_REQUIREMENT:_
Images are not part of the copy; transcribe all the data exactly.

_PROVIDED DATA:_
↓
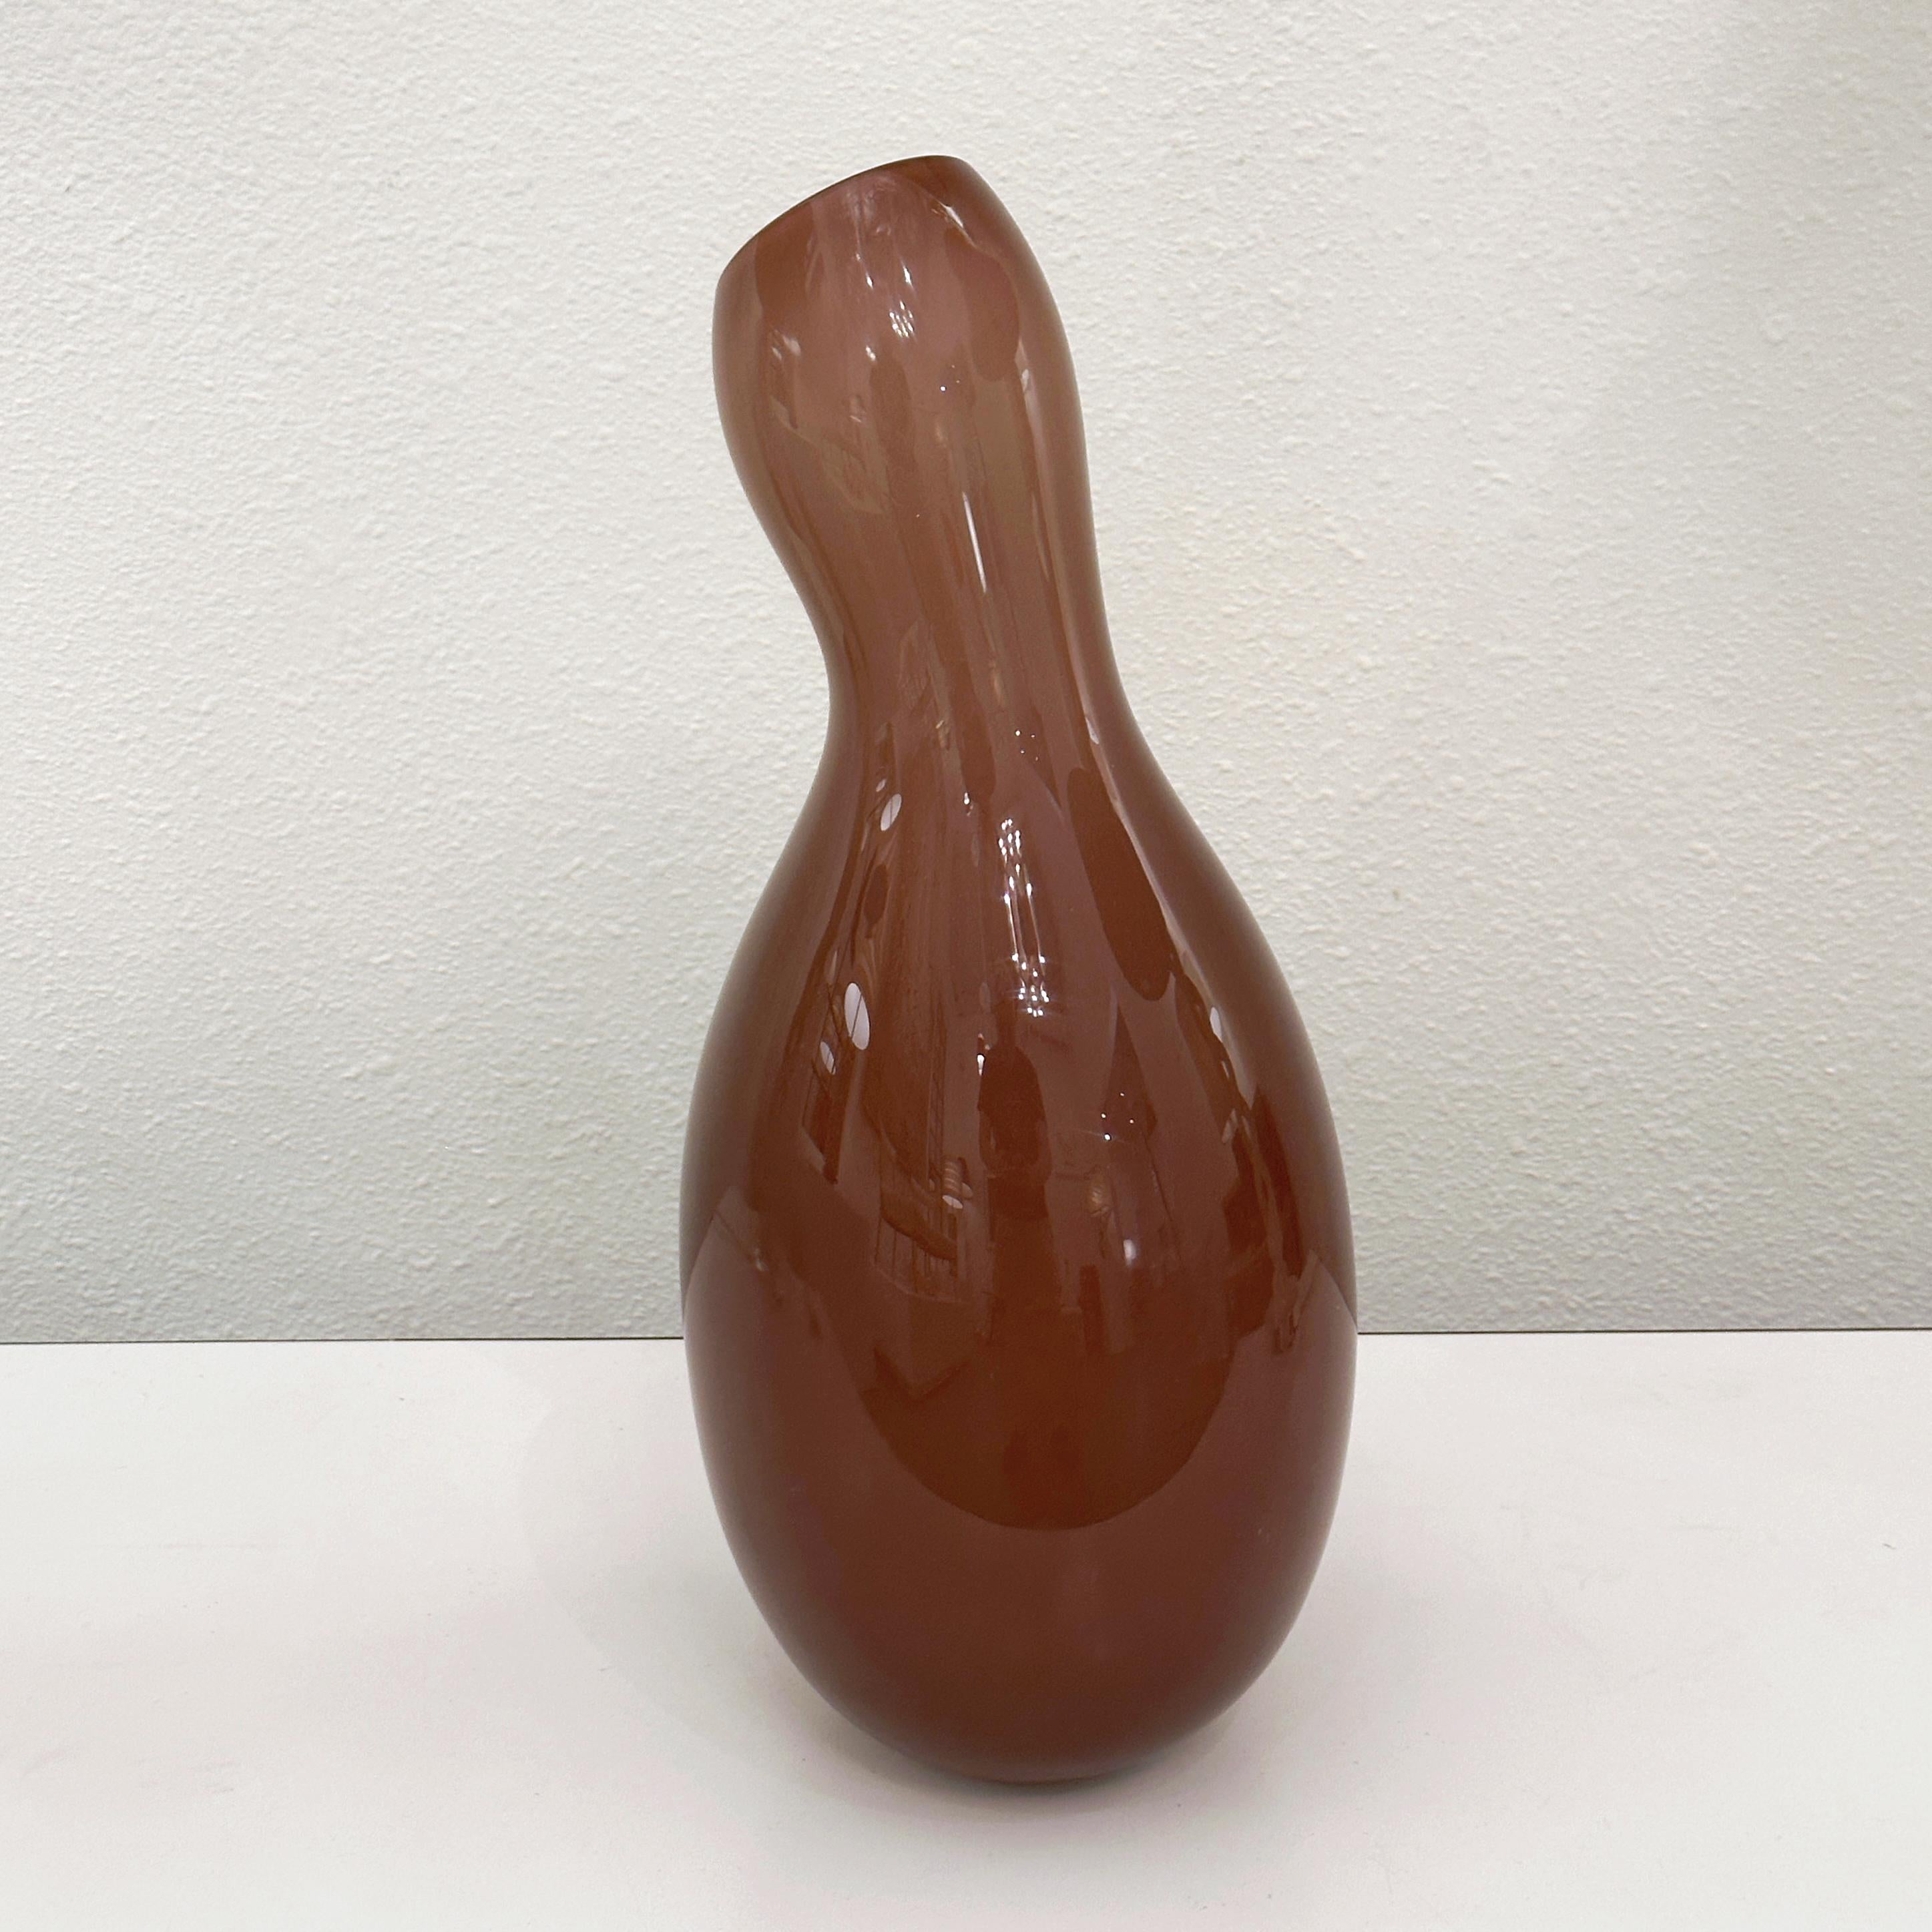 Art Glass Marre Moerel Anatomy Series Corpus Cavernosum Murano Glass Vase Covo, Italy For Sale
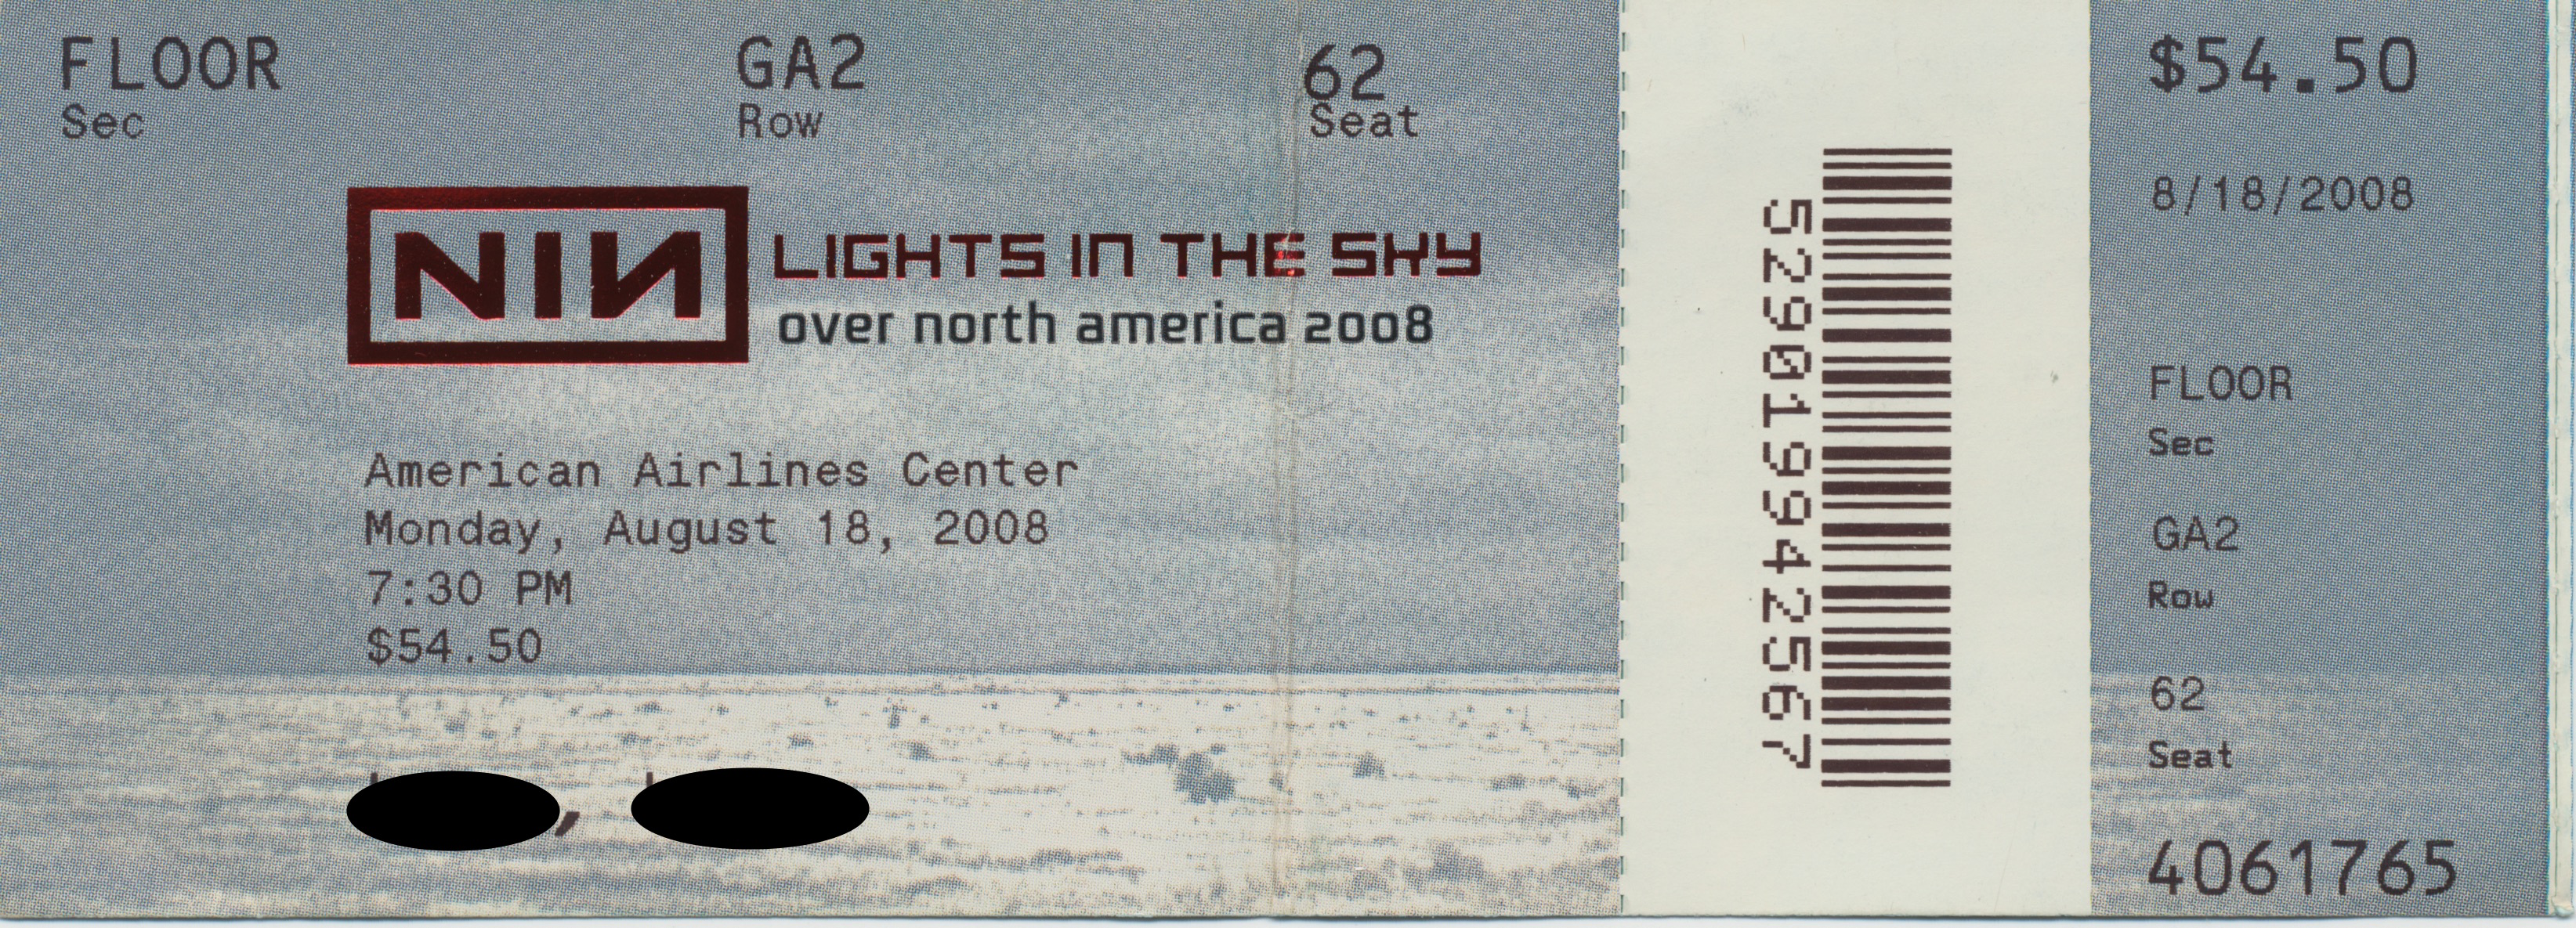 2008/08/18 Ticket
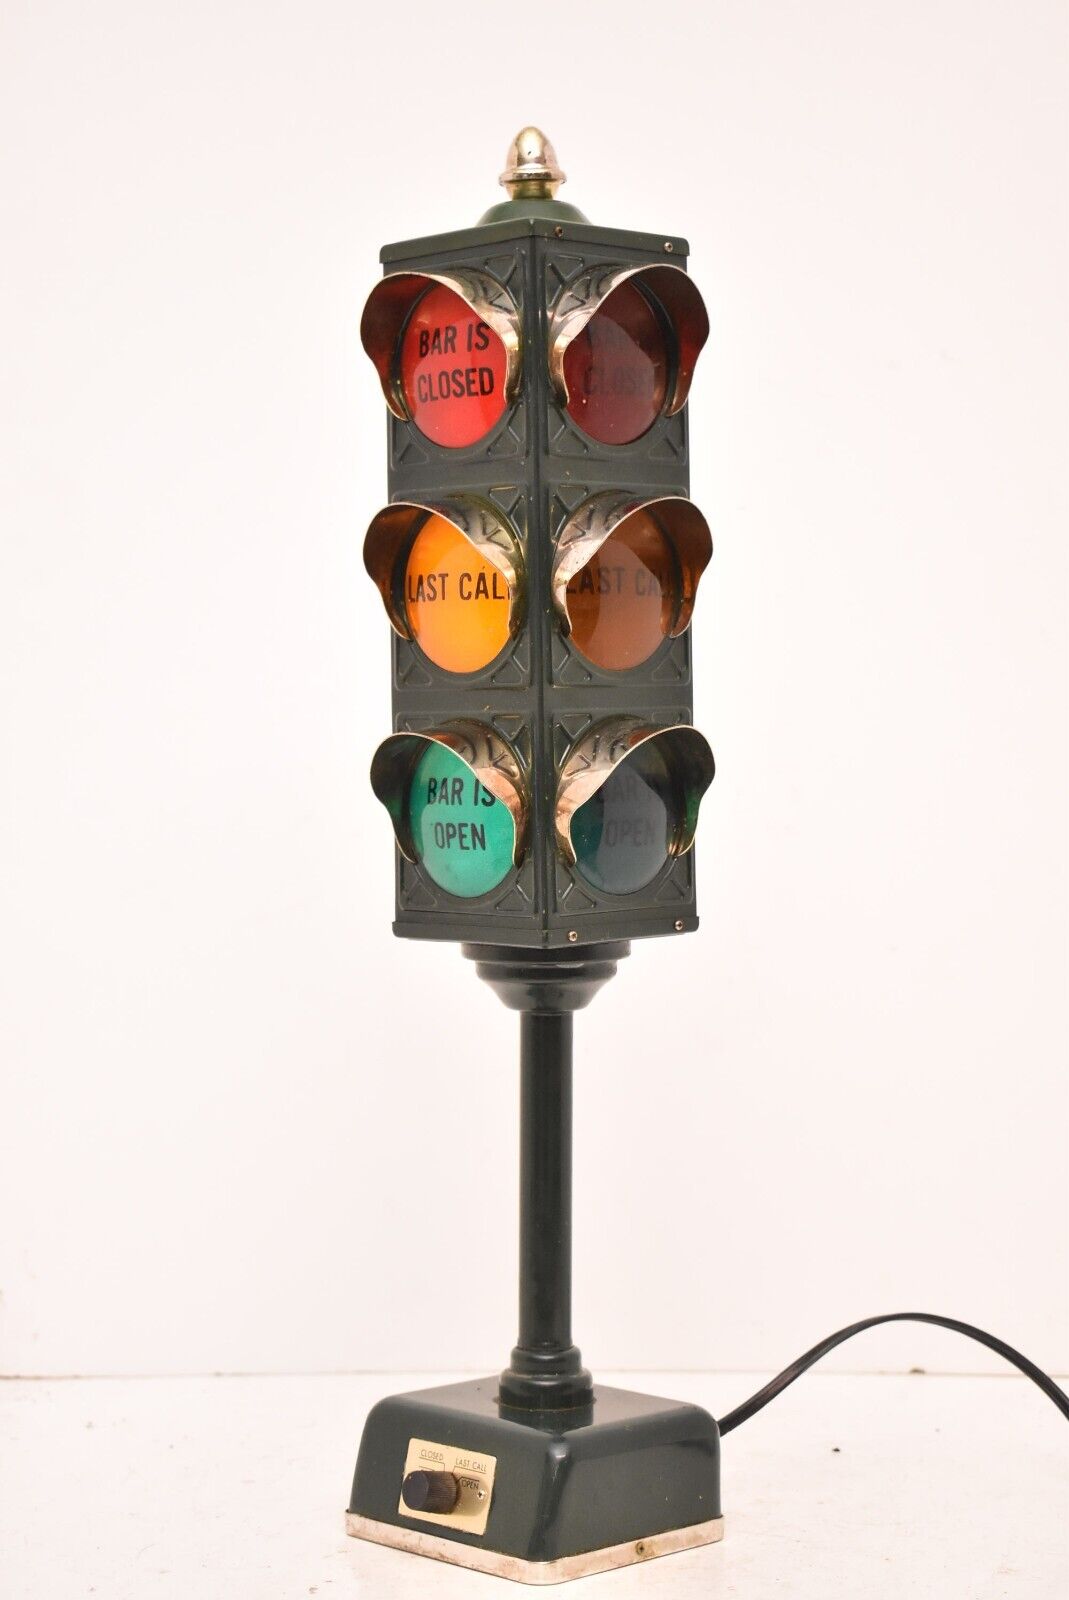 VTG 1960s B&B Bar Lamp Stop Light Traffic Signal OPEN CLOSED LAST CALL MAN CAVE}
↑
_SOLUTION FOR THIS PROBLEM:_
 Art Glass Marre Moerel Anatomy Series Corpus Cavernosum Murano Glass Vase Covo, Italy For Sale
 2008/08/18 Ticket
 VTG 1960s B&B Bar Lamp Stop Light Traffic Signal OPEN CLOSED LAST CALL MAN CAVE}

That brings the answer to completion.